HESI Milestone #2 ACTUAL EXAM 3 LATEST VERSIONS (V1, V2 AND V3) EACH VERSION CONTAINS 100 QUESTIONS AND CORRECT DETAILED ANSWERS (VERIFIED ANSWERS) |ALREADY GRADED A+ Acute renal failure priority - ✔✔✔ ANSWER -✔✔✔ o Maintain fluids o Avoid fluid excess o Renal replacement therapy o Reduce metabolic rate o Promote pulmonary function Acute Respiratory distress priority findings - ✔✔✔ ANSWER -✔✔✔ o Hypoxia o Intercostal retract ions o Crackles o BNP levels (alveoli collapse because small airways are narrowed due to interstitial fluid and bronchial obstruction) End of life plan of care - ✔✔✔ ANSWER -✔✔✔ o Signs and symptoms of impending death are recognized and communicated in deve lopmentally appropriate language for children and patients with cognitive disabilities with respect to family preference. Care appropriate to this phase of illness is proved to the patient and the family Cushing Syndrome - ✔✔✔ ANSWER -✔✔✔ o Can result from corticosteroids ***Attempt to reduce/taper medication while still treating underlying disease o Alternate day therapy decrease symptoms and allows adrenal glands to recover Valve replacement teaching - ✔✔✔ ANSWER -✔✔✔ o Anticoagulant therapy (frequent follow -up/lab tests) § Pt on warfarin has specific normal ratios o Prevent infection o ANTIBIOTIC PROPHYALXIS FOR DETAL PROCEDURES!!! Cancer intractable pain plan of care - ✔✔✔ ANSWER -✔✔✔ o Pain, other symptoms and side effects are managed based on the best avail able evidence, with attention to disease -specific pain and symptoms, which are skillfully and systematically applied. ?????? Schizophrenia nursing diagnoses and interventions - ✔✔✔ ANSWER -
✔✔✔ - Dx: 2 or more S&S for over 6 mo (Positive= delusions, hallucina tions, disorganized speech or Negative= 6 A's Anhedonia, Flat Affect, Apathy, Anergia, Algogia, Avolition) -Establish rapport and trust, ask about hallucinations, distract, lower environmental stimuli, monitor suicidal ideation, 1st or 2nd generation antip sych Grief process therapeutic response - ✔✔✔ ANSWER -✔✔✔ Allow the 5 steps of grieving (DABDA), active listening and offer a supportive presence Dementia action refusing ADLs - ✔✔✔ ANSWER -✔✔✔ Encourage finger foods, distraction, speak therapeutically Alcohol with drawal - ✔✔✔ ANSWER -✔✔✔ - Needs to be done under medical supervision b/c can be deadly - VS Q4, onset of symptoms 4 -6 hours after last drink, give lorazepam, reduce temp. - Tremors, nausea, vomiting Methadone overdose - ✔✔✔ ANSWER -✔✔✔ S&S= constricted pupils, resp. depression, circul. depression, LOC decreased Give naloxone Domestic violence screening tool - ✔✔✔ ANSWER -✔✔✔ - Don't probe, write evidence down verbatim, provide a safe environment - Increase in violence during pregnancy
The benefits of buying summaries with Stuvia:
Guaranteed quality through customer reviews
Stuvia customers have reviewed more than 700,000 summaries. This how you know that you are buying the best documents.
Quick and easy check-out
You can quickly pay through credit card or Stuvia-credit for the summaries. There is no membership needed.
Focus on what matters
Your fellow students write the study notes themselves, which is why the documents are always reliable and up-to-date. This ensures you quickly get to the core!

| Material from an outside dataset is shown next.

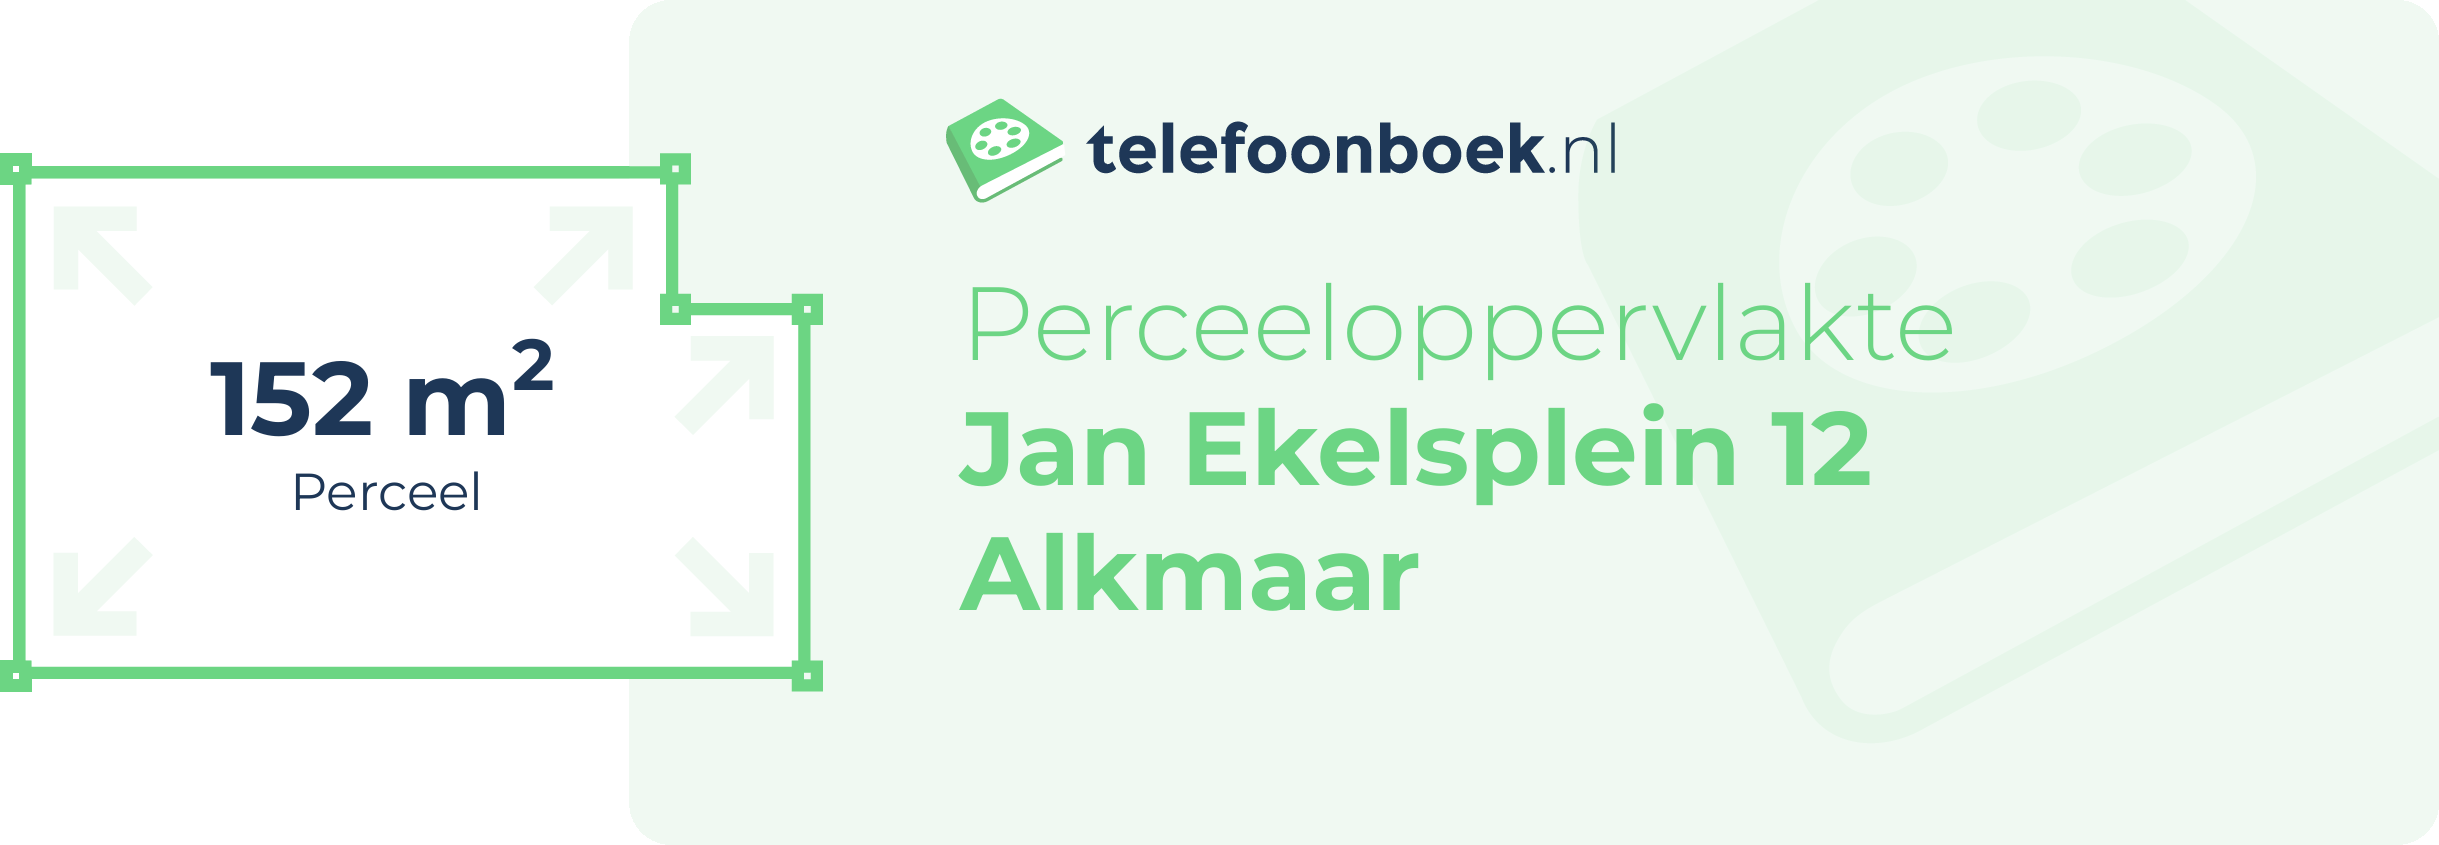 Perceeloppervlakte Jan Ekelsplein 12 Alkmaar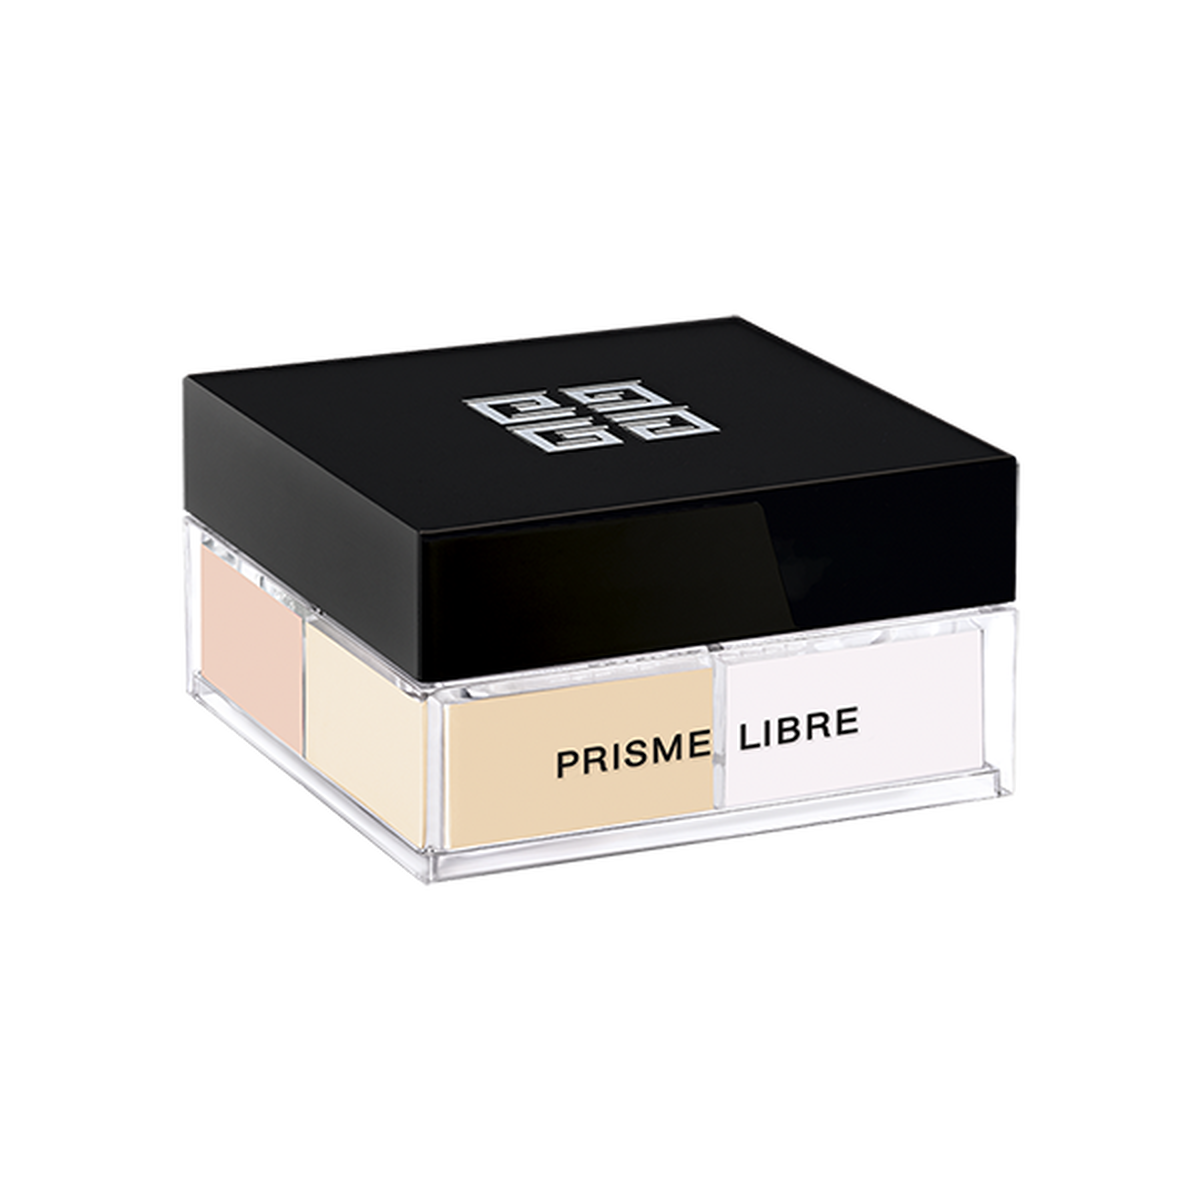 Phấn Phủ GIVENCHY Prisme Libre Mini Loose Powder #N02 Satin Blanc

Frequently asked questions
What do I get when I buy this document?
You get a PDF, available immediately after your purchase. The purchased document is accessible anytime, anywhere and indefinitely through your profile.
Satisfaction guarantee: how does it work?
Our satisfaction guarantee ensures that you always find a study document that suits you well. You fill out a form, and our customer service team takes care of the rest.
Who am I buying these notes from?
Stuvia is a marketplace, so you are not buying this document from us, but from seller perfectnurse. Stuvia facilitates payment to the seller.
Will I be stuck with a subscription?
No, you only buy these notes for $20.49. You're not tied to anything after your purchase.